- _REQUIRED ACTION_:
Pictures in the data below are not part of the copy; transcribe everything else exactly.

- _DATASET EXTRACT_:
============
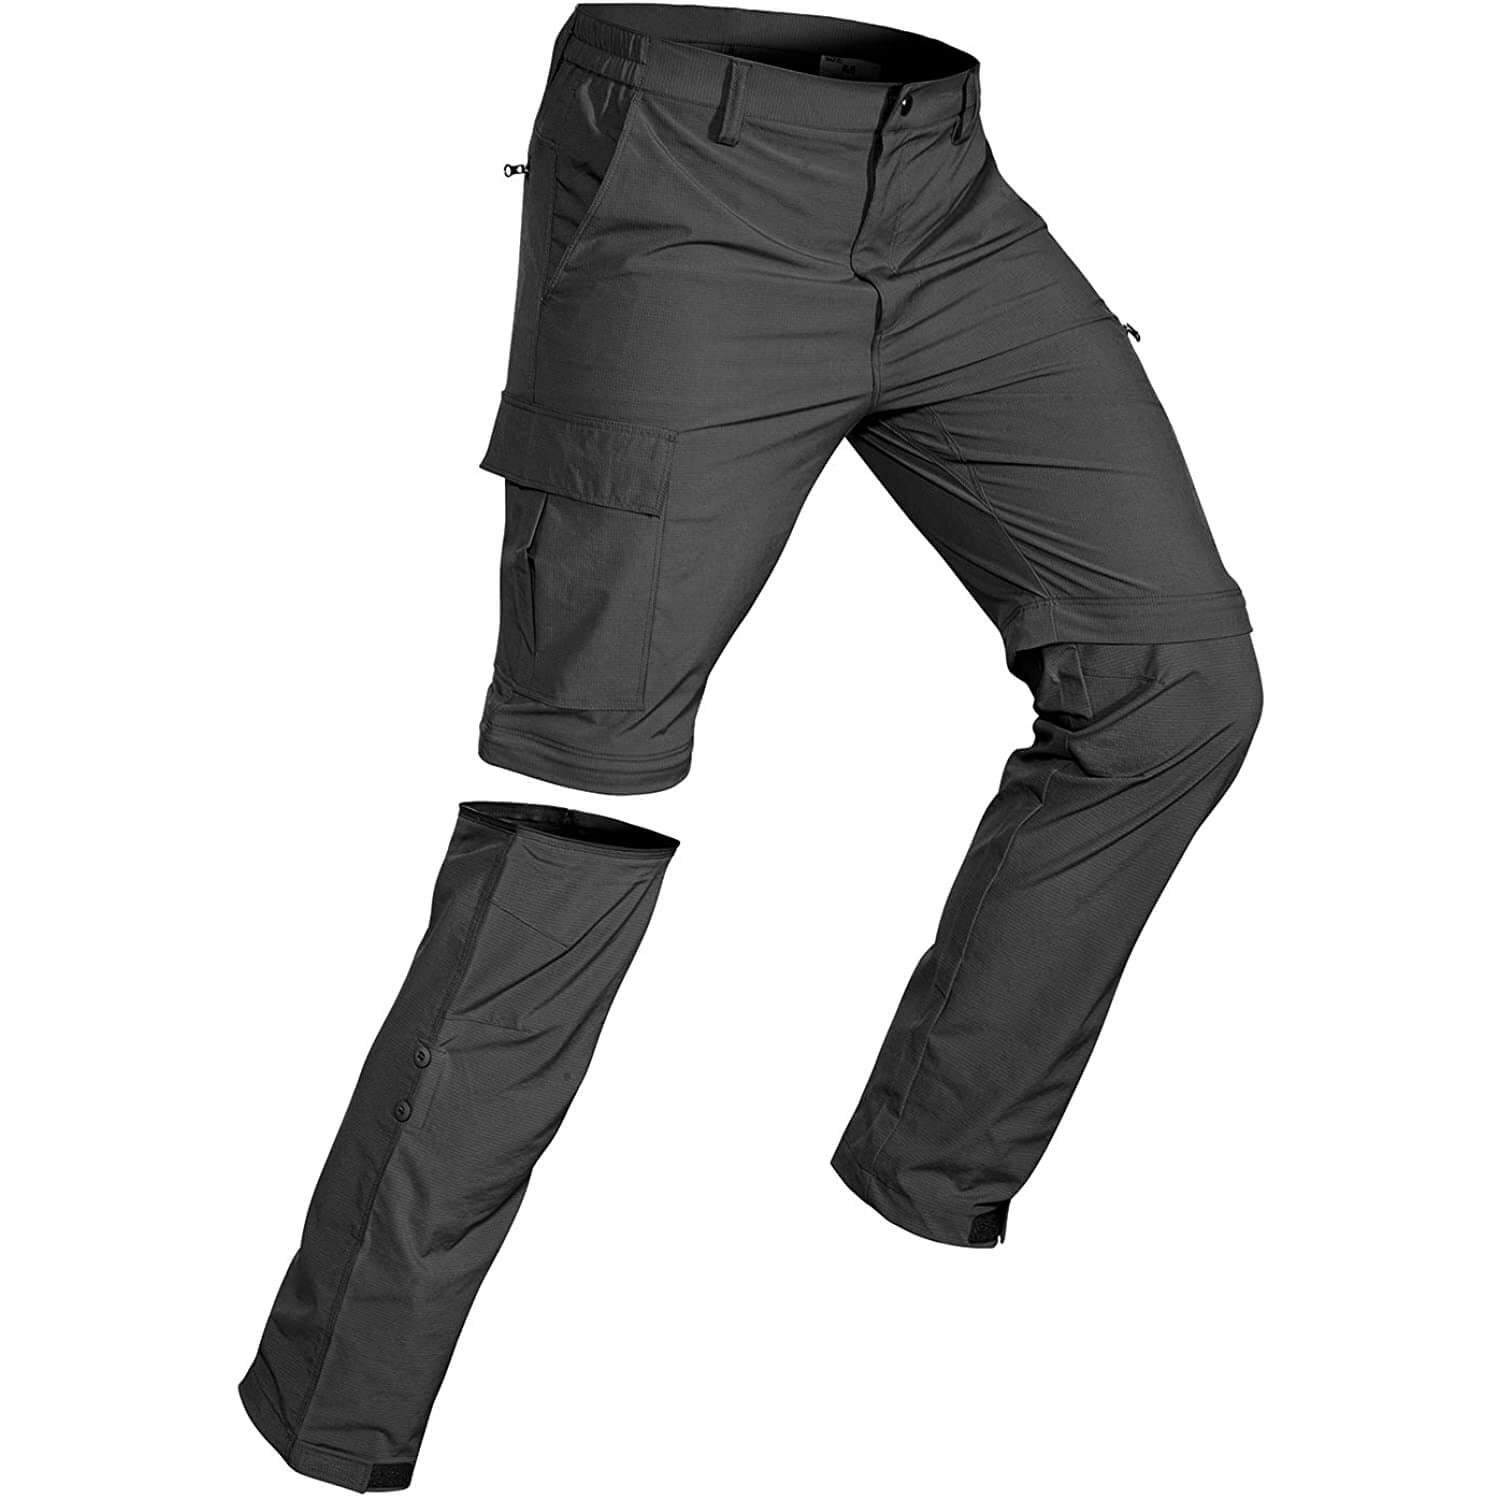 Wespornow Men's-Convertible-Hiking-Pants Quick Dry Lightweight Zip Off Breathable Cargo Pants for Outdoor, Fishing, Safari (Grey, Medium)
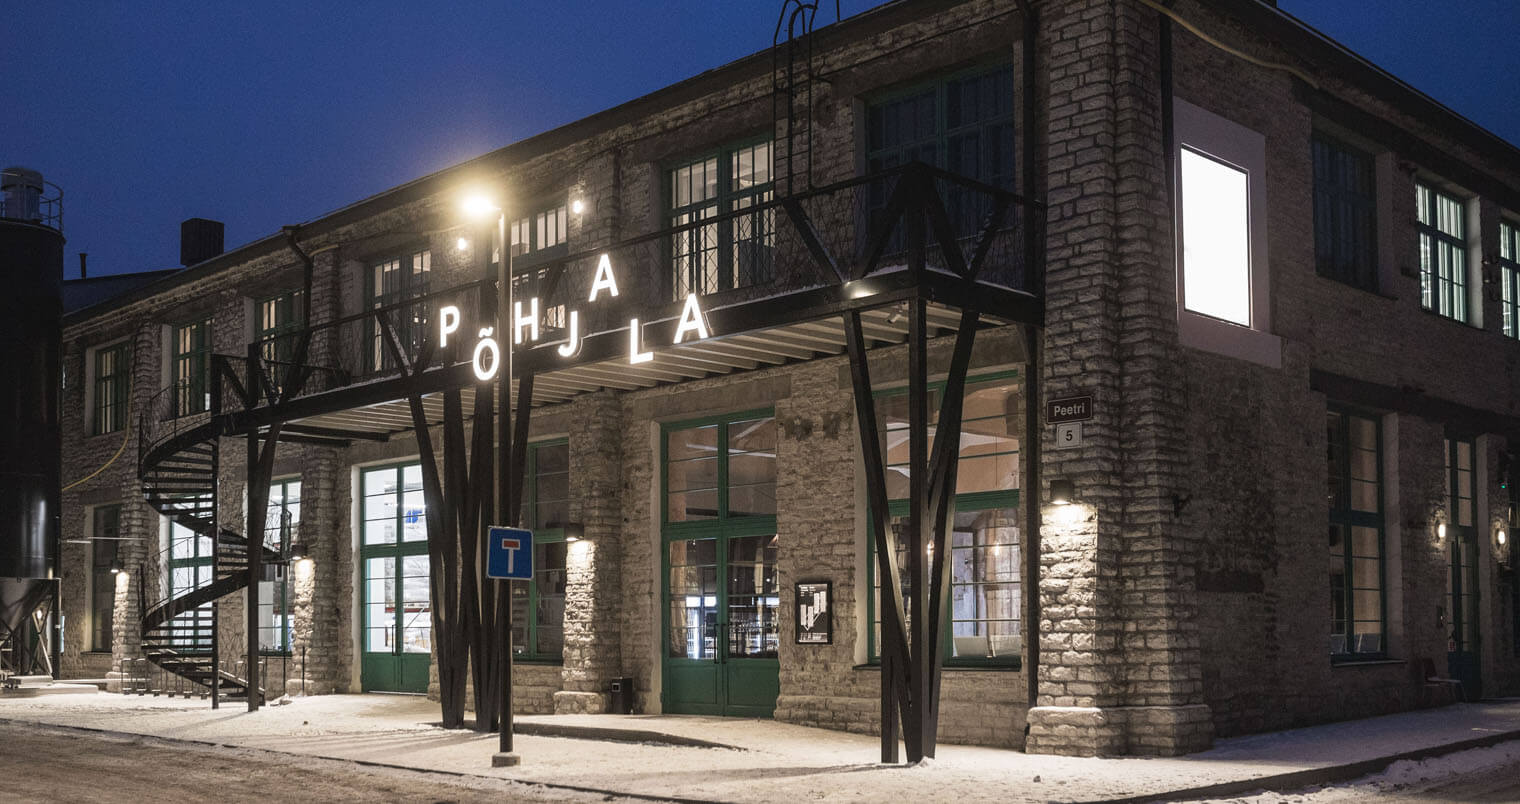 Põhjala Brewery, night shot, featured image
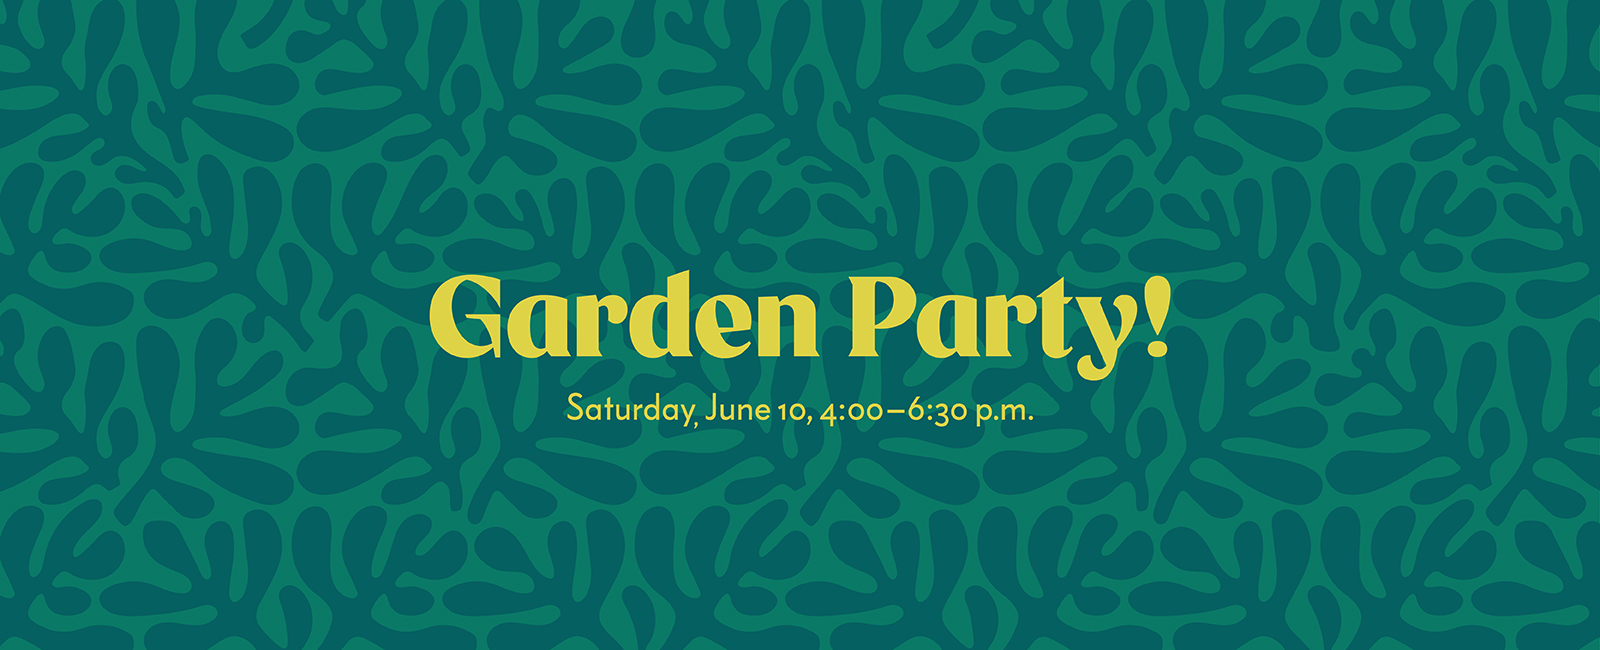 Garden Party banner
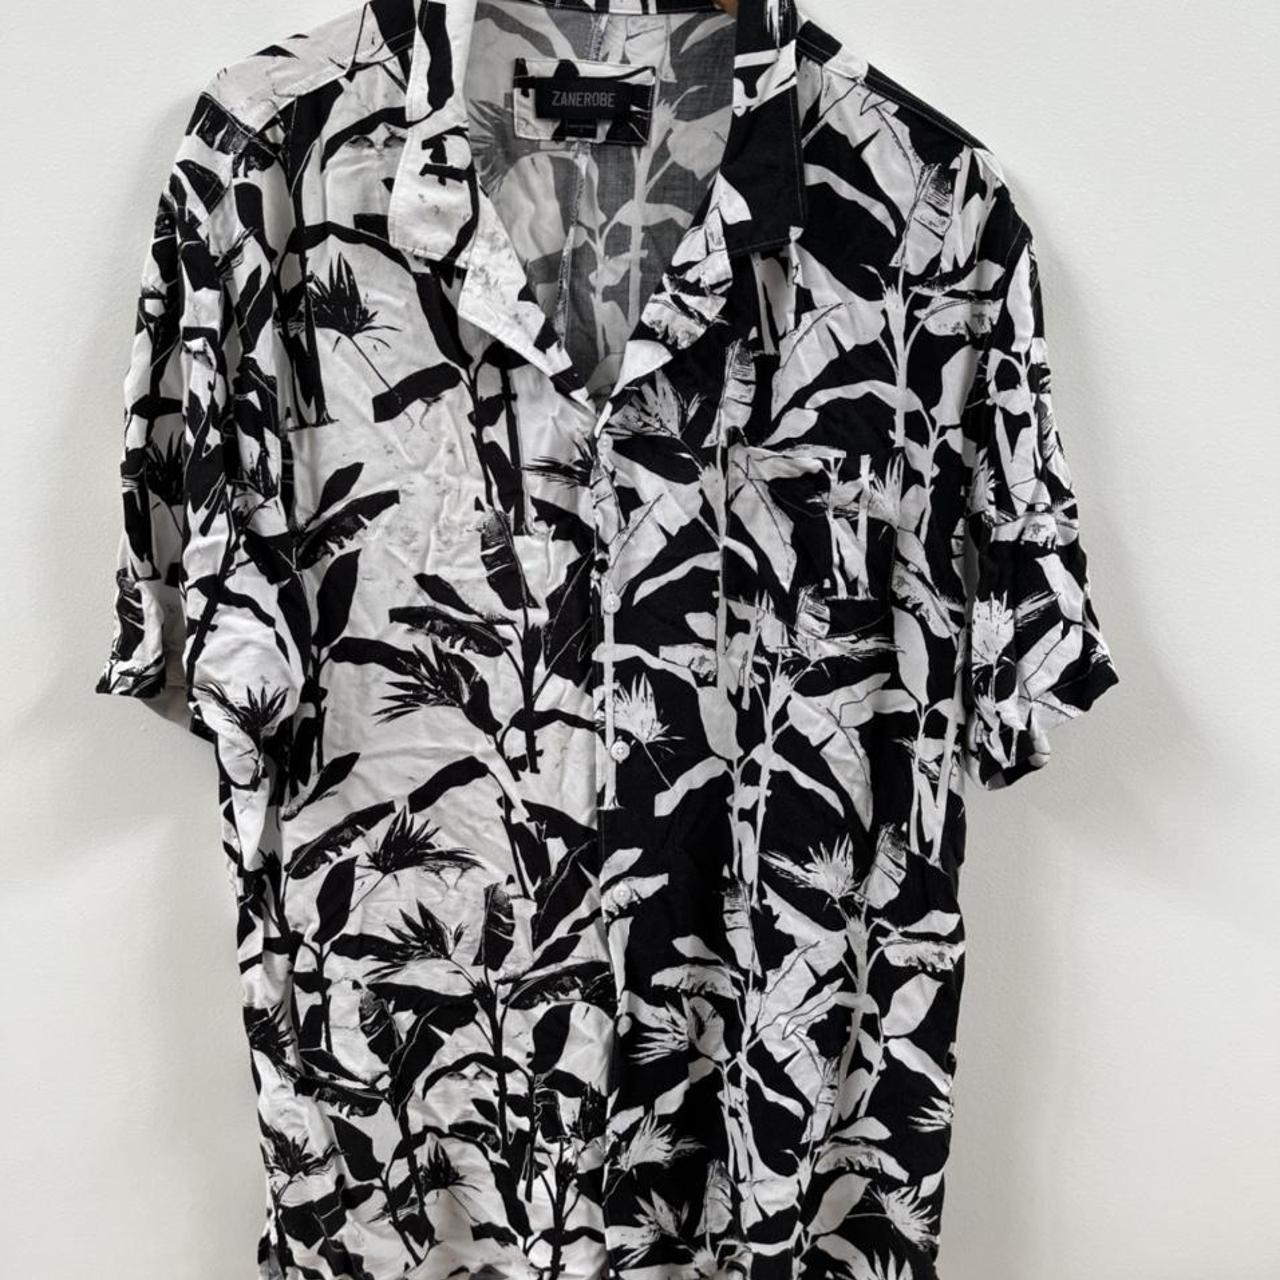 Zane Robe Hawaiian / resort / party shirt Size L - Depop
============
- _PROBLEM SOLUTION_:
 Wespornow Men's-Convertible-Hiking-Pants Quick Dry Lightweight Zip Off Breathable Cargo Pants for Outdoor, Fishing, Safari (Grey, Medium)
 Põhjala Brewery, night shot, featured image
 Garden Party banner
 Zane Robe Hawaiian / resort / party shirt Size L - Depop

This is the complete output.